DREAM RUN: Australia's Patrick Cummins has had the longest run of being injury-free.
DREAM RUN: Australia's Patrick Cummins has had the longest run of being injury-free. Rui Vieira

Cummins has longest injury-free run of career

THE morning aches and pains are gone for Pat Cummins, as are the sleepless nights worrying about his once-fragile body.

Those ill feelings disappeared as the young speedster played as much cricket without a break as he ever has in his career in the past eight months, including a return to Test matches in India.

Now he's ready to again take his talents to the best batsmen in the world at the Champions Trophy, buoyed by so much hard work he believes his body is "harder” than it's ever been.

"It was probably the first time in about five years where I've felt like I could play quite a bit of first-class cricket without having to worry about anything else,” Cummins said of his run of injury free cricket.

"Even in the past couple of years, playing some ODIs has been such a jump in intensity, so it always took a couple of days to get over it. There's so many games, so sometimes you don't get that rest in between.

"Whereas now, I just feel being a couple of years older, and having a full off-season at a pretty low intensity, when I did come back, it felt like my body was a bit more hardened than it used to be.”

Cummins is only 24, but after making his international debut way back in 2011 with a stunning six-wicket haul in a Test match in South Africa, he's had more misfires than a North Korean rocket.

Careful management and plenty of patience have finally got the 192cm speed demon to a place where consistent cricket is the norm.

He played right through the home summer - from domestic one-day games, through grade cricket, then the Big Bash, and finally was unleashed in the Sheffield Shield after Christmas.
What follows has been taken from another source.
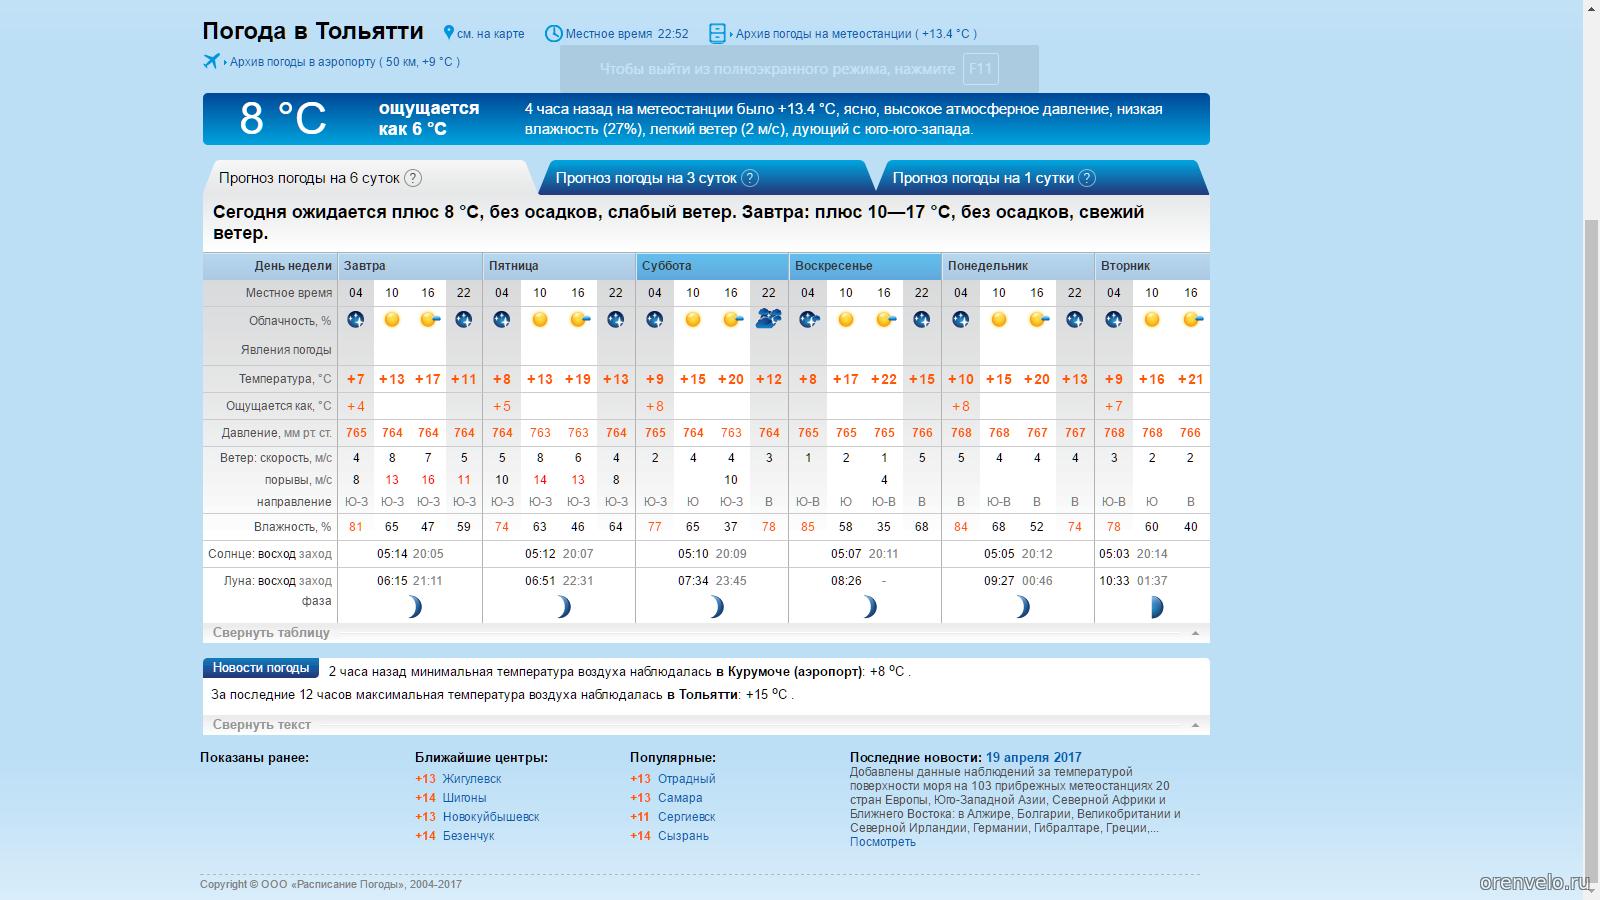 Погода в тольятти на 14 дней 2015 год

Cummins was then thrust in to the Aussie one-day squad, played against Pakistan and New Zealand, then Twenty20s against Sri Lanka before he got the call to head to India to replace Mitch Starc.

That workload could have been enough for Cricket Australia to pull the pin, save Cummins up for the Ashes.
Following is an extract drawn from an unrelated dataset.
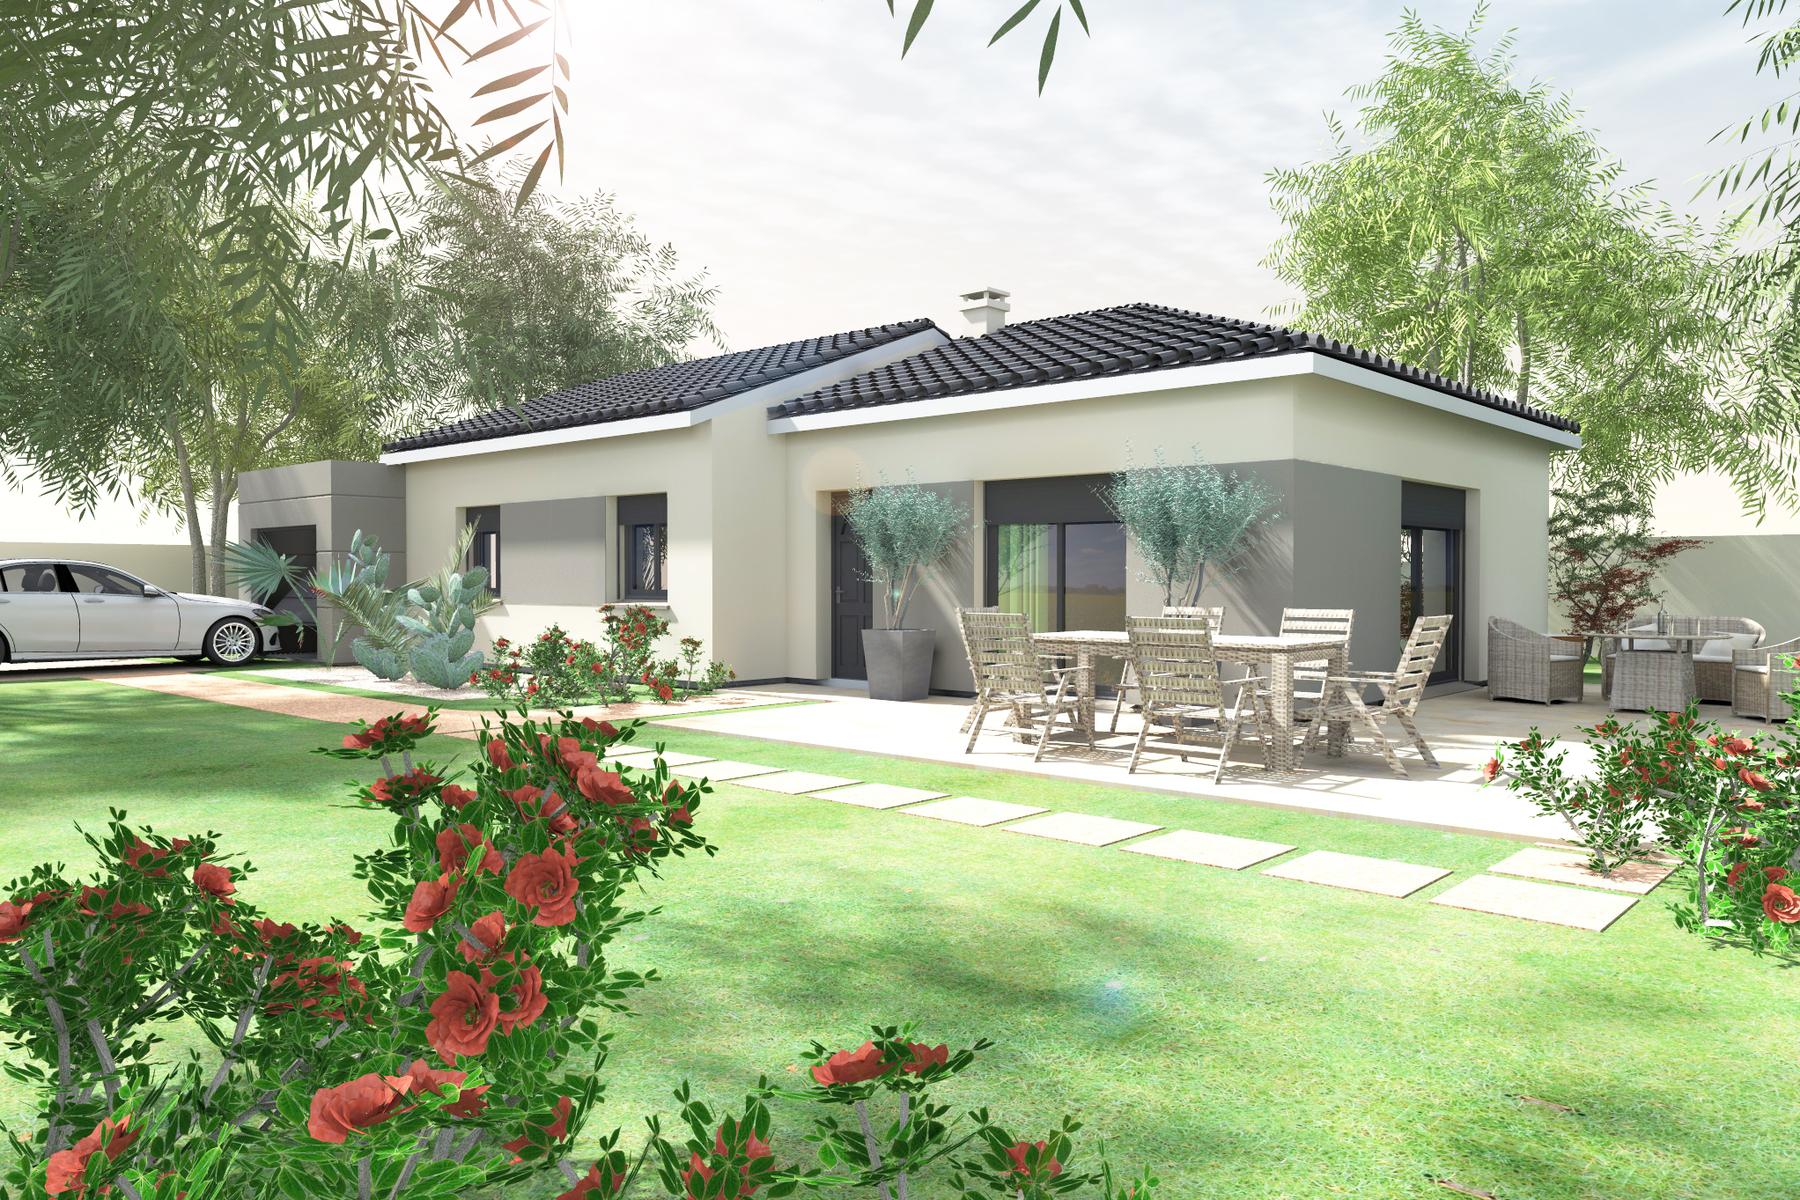 Maisons du constructeur BATI CONCEPT 26/07 • 91 m² • SAINT REMEZE

But instead he went to the Indian Premier League, signing an $875,000-a-season deal with the Delhi Daredevils.

Cummins played 12 matches, took 15 wickets, then hot-footed it straight to the UK for the Champions Trophy, where he should be unleashed against the Kiwis on Friday.

"Playing a four-day game for NSW I almost surprised myself how well I pulled up. I felt like I could have gone out and bowled another couple of games,” Cummins said.

"It was the same in India ... bowling three days in a row ... my body felt great after that. It's the first time in five or six years I have felt I could play a lot of first-class cricket without worrying.

"Playing games for eight or nine months flat out without missing a game or being rested ... it's been a dream run.”